ミュージック・セラピーの効果は、明確に体感できる。それは、体が軽くなる。まるで温泉から上がった爽快さと軽さと、ホッとする安らぎである。体も心も癒えるというのが的を射ている。

二時間余り、クラシックの名曲といわれるあらゆるジャンルの曲を聴く。バロックから近代まで、テーマを選んで、それに相応しいと想える曲を私自身が選んでプログラムする。

名曲の持つ周波数は心にも体にも心地良く響くことが、これまでの十数回に及ぶ開催からそれは証明されている。クライエントの聴いたことのない馴染みのない曲でも、確実に感動を与え、癒えさせる。全身に音のシャワーを浴びる体験は、個人差や個性の違いを超えて等しく心と体の洗浄を施す。

そのメカニズムを一度も考えたことがなかった。それを知る必要もなく、唯々効果を享受していた。だが、ある時ふと考えた。何故心が軽くなり、体も楽になるのかと。そして気付いた。
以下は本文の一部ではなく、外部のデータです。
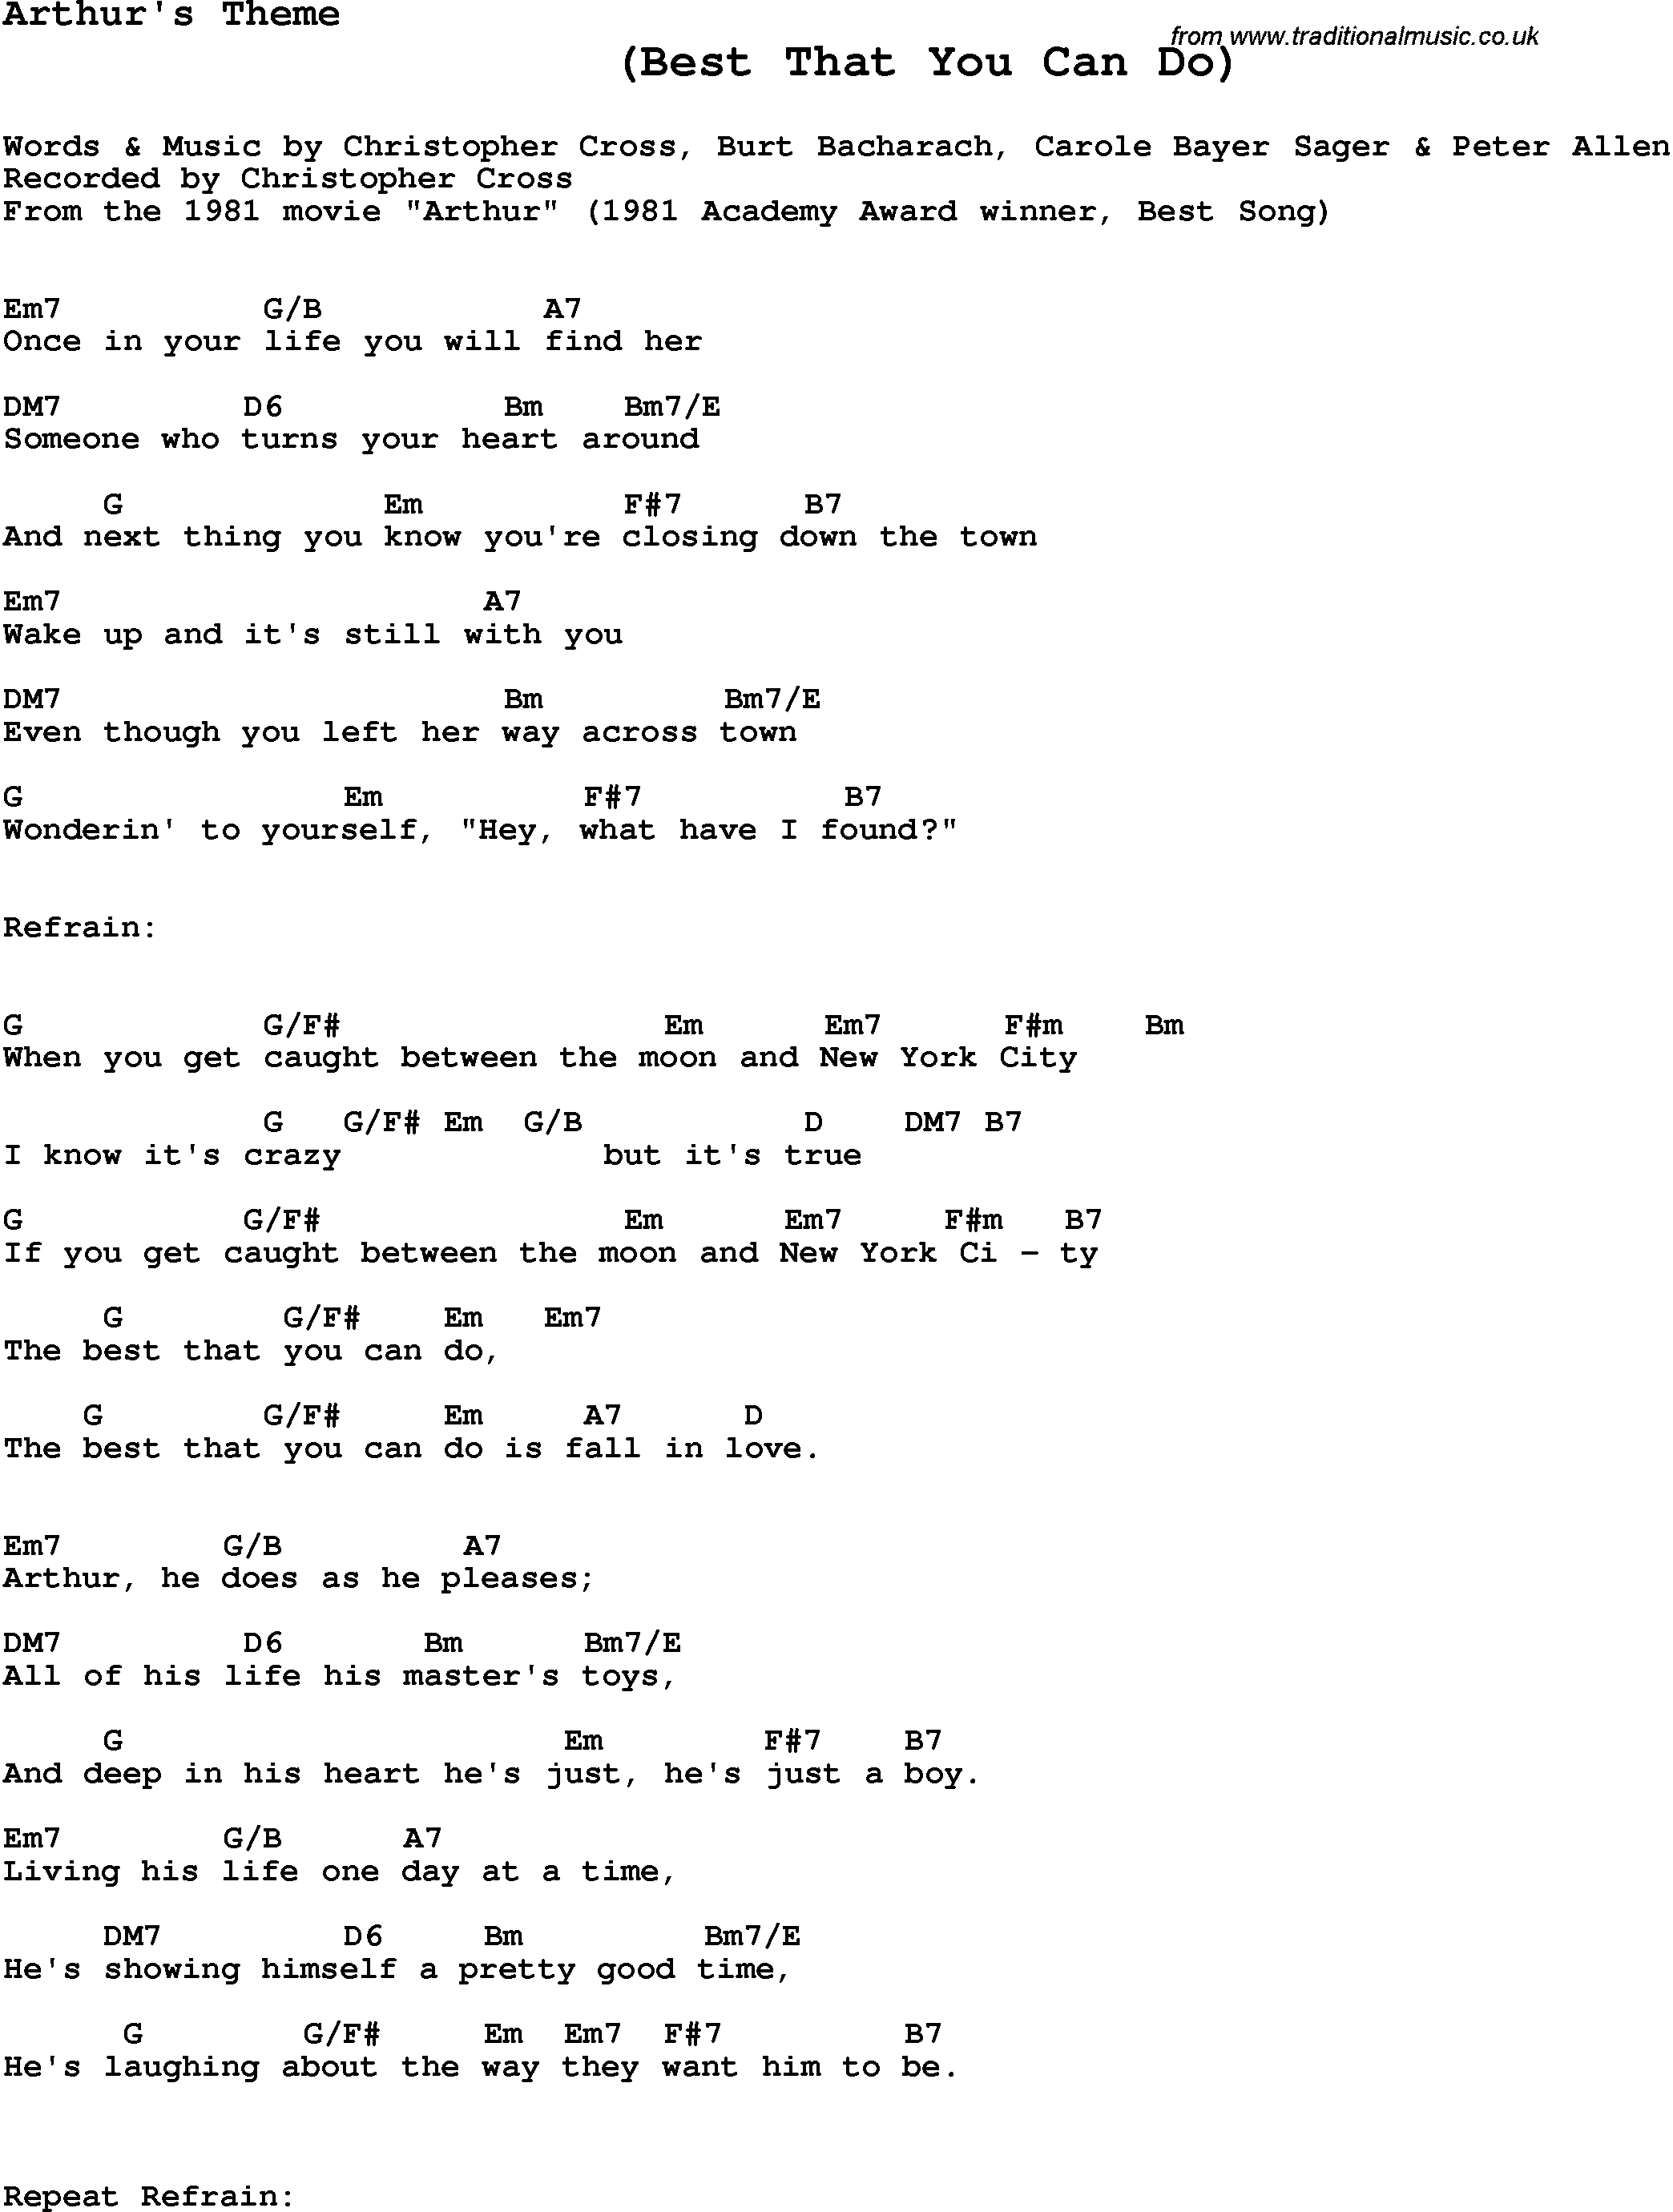 Song Lyrics with guitar chords for Arthur's Theme - Christopher Cross, 1981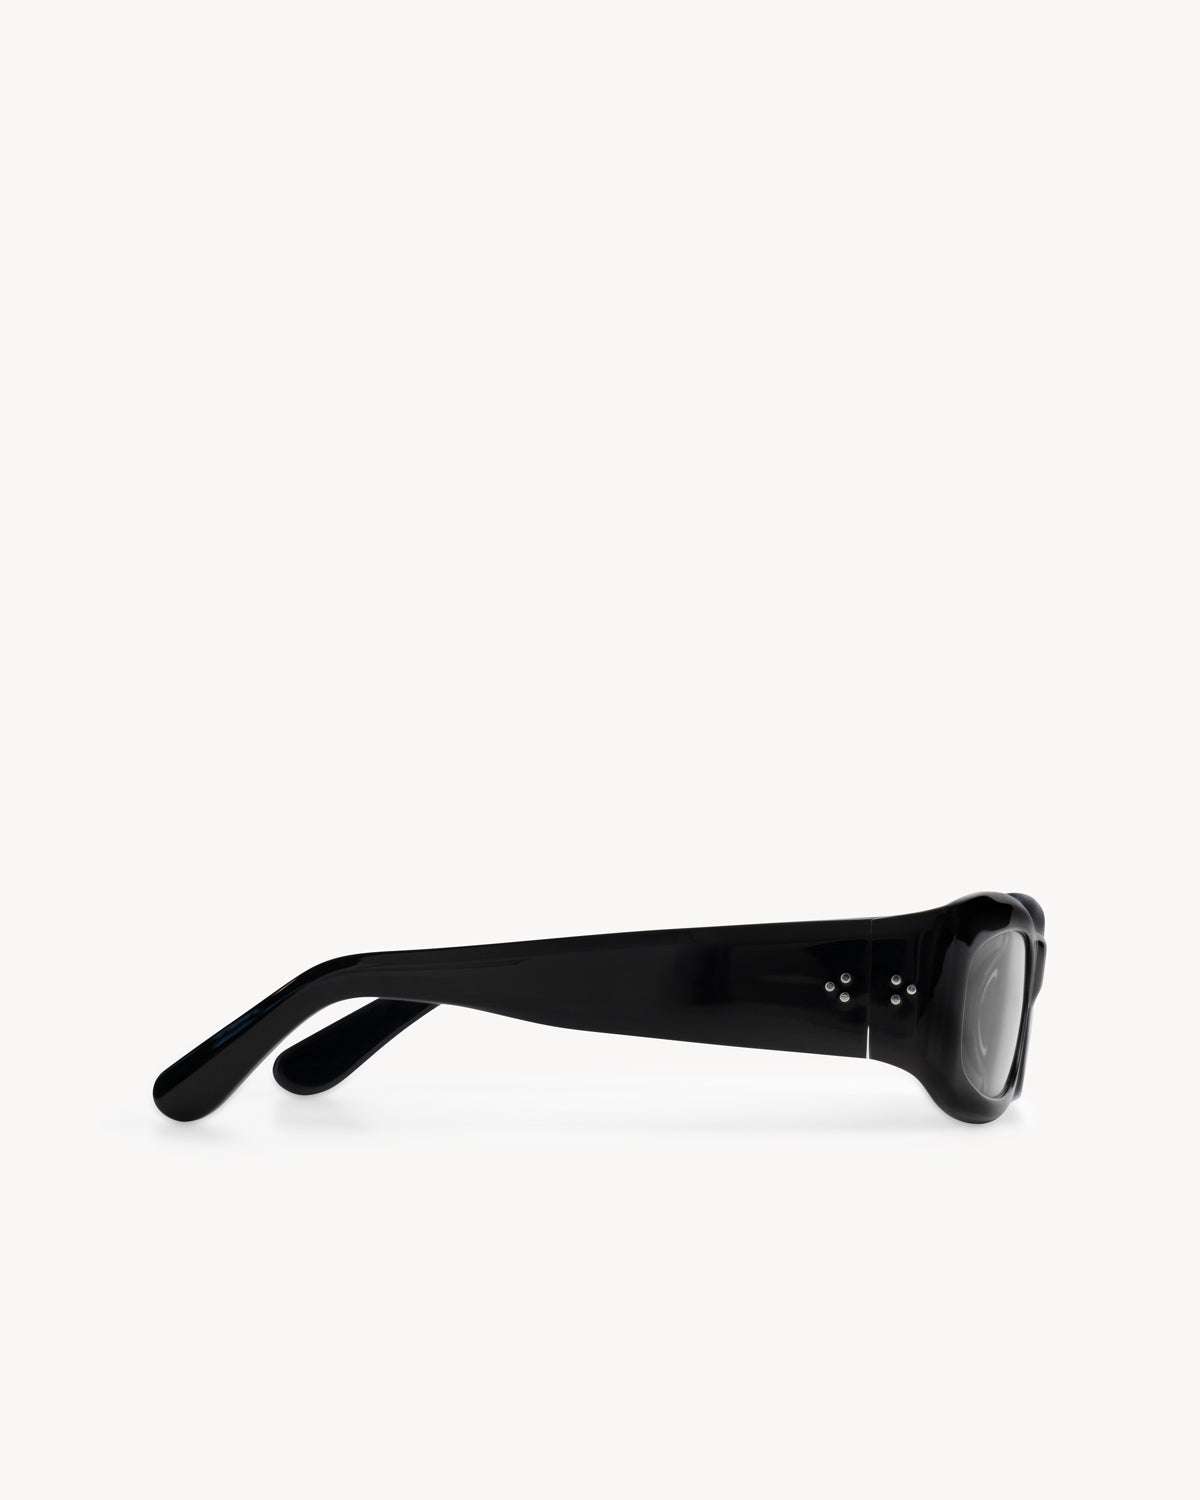 Port Tanger Saudade Sunglasses in Black Acetate and Black Lenses 4

一つに、先ず再生させる音がもたらすものだ。オーディオの基本は、音の基礎になる低音である。この質感と量感、そしてそのスピードによって良し悪しが、心に届く気持ち良さが決まる。質はドローンとした音ではなく、ビシッと引き締まったものでなければならない。そしてその音がたっぷりとした量感を持って、素早く耳に届かなければならない。

何故なら20Hzは20,000Hzの高域に対して遅くなるからだ。高域が先に耳に届き、音の時差が生まれ、音の合成にズレが生じて響きが滑るからである。その証拠に、高域の1.23Hz以上の音圧(dB)を変えると、低音の音質が変わる。

そこで、低音の次は高域の良さに関わることが判る。その合成が中音となる。中音は人間の声域になり、ボーカルがそこで、生きるか死ぬかが決まる。人の声が生々しくなれば、人は安心してその音楽に身を委ねることが出来る。



この時私はハッとした。そうだ、人が音に癒されるのは、この心を音に委ねて、暖かく包まれる、赤子の時の母の懐に抱かれている疑似体験がそこに再生されるからなのだと判った。

体も心に合わせて、音に身を委ねる。こうして音と曲に心身を預ける。
完全委任こそ癒され体験なのだ。